For a lot of companies, the usual types of unused data include website, mobile data and social media. Tech Goliaths like Google and Amazon bank on this kind of data to gain a foothold over consumer intelligence. In recent years, it has been observed that consumer-centric businesses with a strong footing on consumer intelligence have been able to gain a lot more customer data compared to long-established businesses like banks.
This type of unstructured data generated from social media and web can hold an abundance of information on consumer’s browsing preference. For instance, social networking sites that detail particular consumers preferences, affiliations and interests, as well as mobile technologies , such as geolocation or mobile wallet applications that when pooled together, can help businesses target a buyer on-the-go. Basically, there are billions of data points circulating at any given point of time, which when used, can help companies attain optimal success.
There’s another brilliant example of it – a digital wallet promotion that shows up on your smartphone for beer based on previous transaction data. However, you receive this promotion only after you’ve left the convenience store with a bag full of other items. The offer is going to be useless to you, to the store, the brand or your credit/debit card provider. However, if the card provider or the brand were able to properly use real-time data from social media channels, showing key terms like “Fourth of July,” or “Kegger on Saturday,” or geolocation data showing your location, then a well-timed offer would be relevant to you.
Dark Data for Action Driven Insights
Companies are now starting to gain a competitive advantage by casting the spotlight on Dark Data. Data that was earlier abjured due to constraints related to traditional data management technologies intended to handle volume, variety and velocity. The growing spotlight on Dark Data has accelerated the adoption of new analytic tools and techniques that empowers new age businesses like Apple and Google to not only query their data in a more efficient manner, but also develop new queries that have never been considered previously.
Amazon Web Services, IBM, Microsoft and Hortonworks have Big Data solution in place, like Hadoop. Although, a lot of times, it is not being maximized to its full potential. Companies need to start investing in consumer intelligence solutions that come off such massive databases in order to search, index and provide real-time assessments of consumer activity. More and more companies need to prepare a mobile wallet strategy, in order to meet their consumers on their mobile devices. Moreover, transactions from web traffic and operational systems also need to be embraced. Businesses need to mix enterprise data that comes from classic sources such as CRM and ERP with other Big Data sources such as social media and web traffic. Relevant consumer data can help spur a sale.

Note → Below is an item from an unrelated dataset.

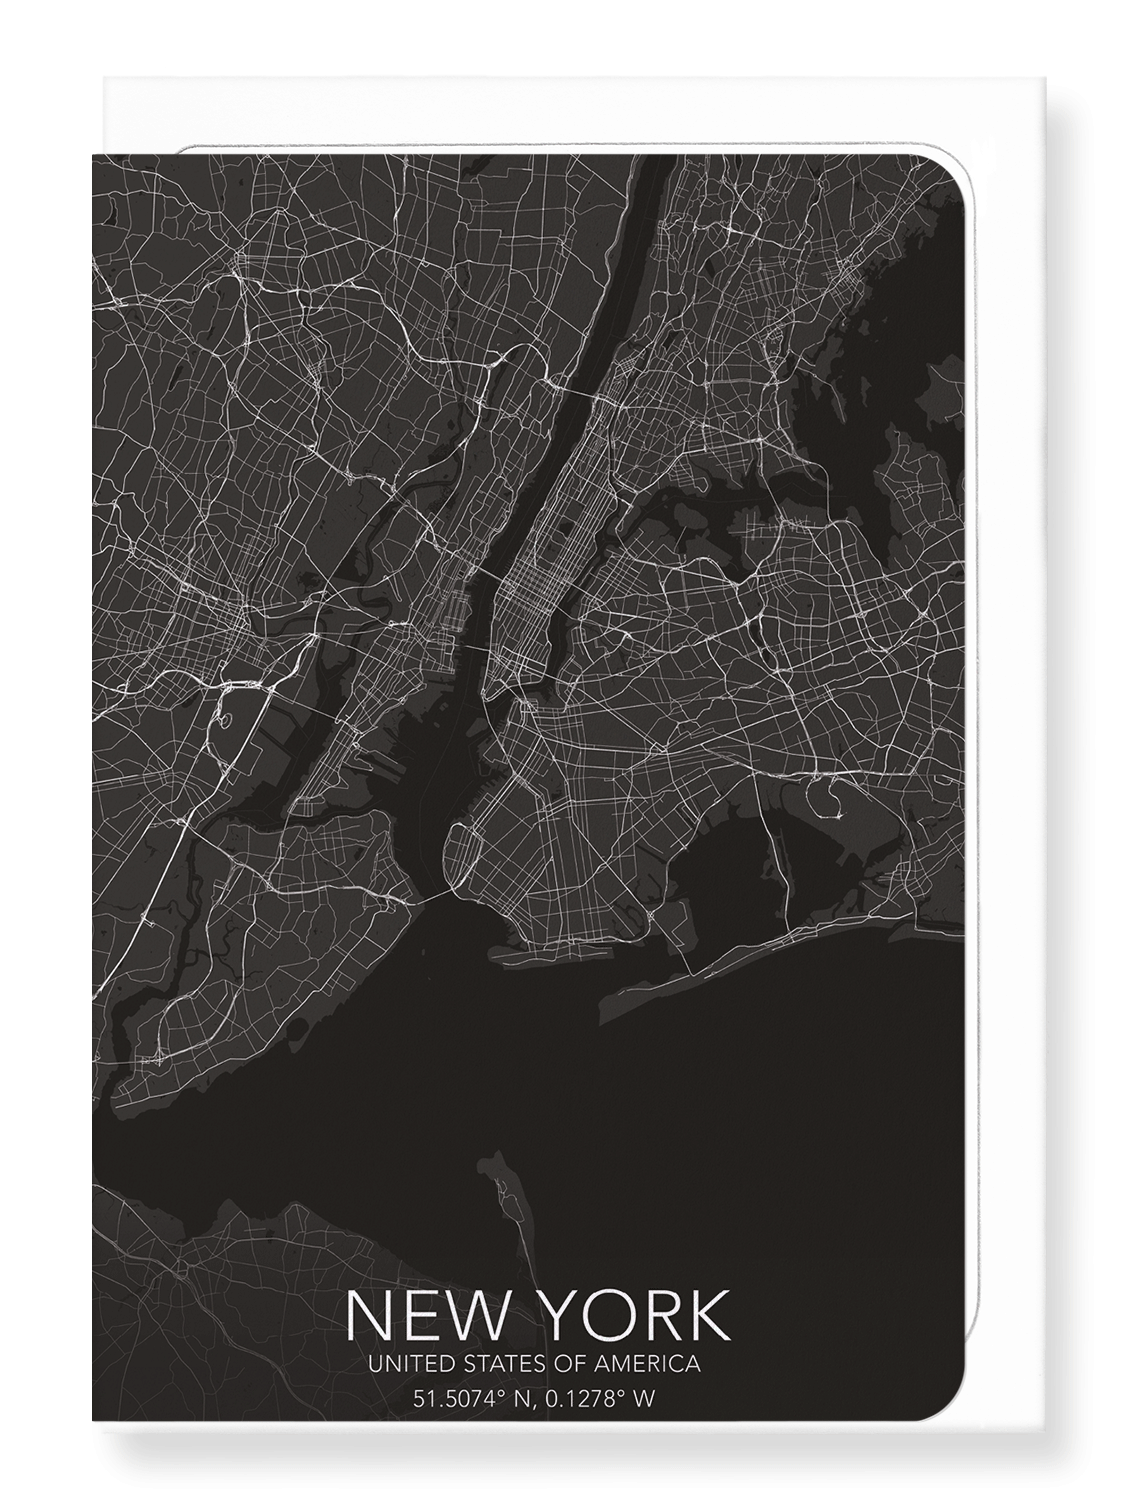 NEW YORK FULL MAP

There will be 200 billion connected devices by the year of 2020. Such interconnectivity will lead to a volcano of data accumulation. In fact, in the coming years, data will be richer – it will be easier to use, accessible and widespread, helping create an opulent, single-customer view. Turning data – including dark data into actionable intelligence will help businesses race against each other by being more in harmony to the present and future needs of individual customers. Today, it’s not just about data, it’s more about people-process-technology elements that allow companies to use the data available to make insight-driven decisions.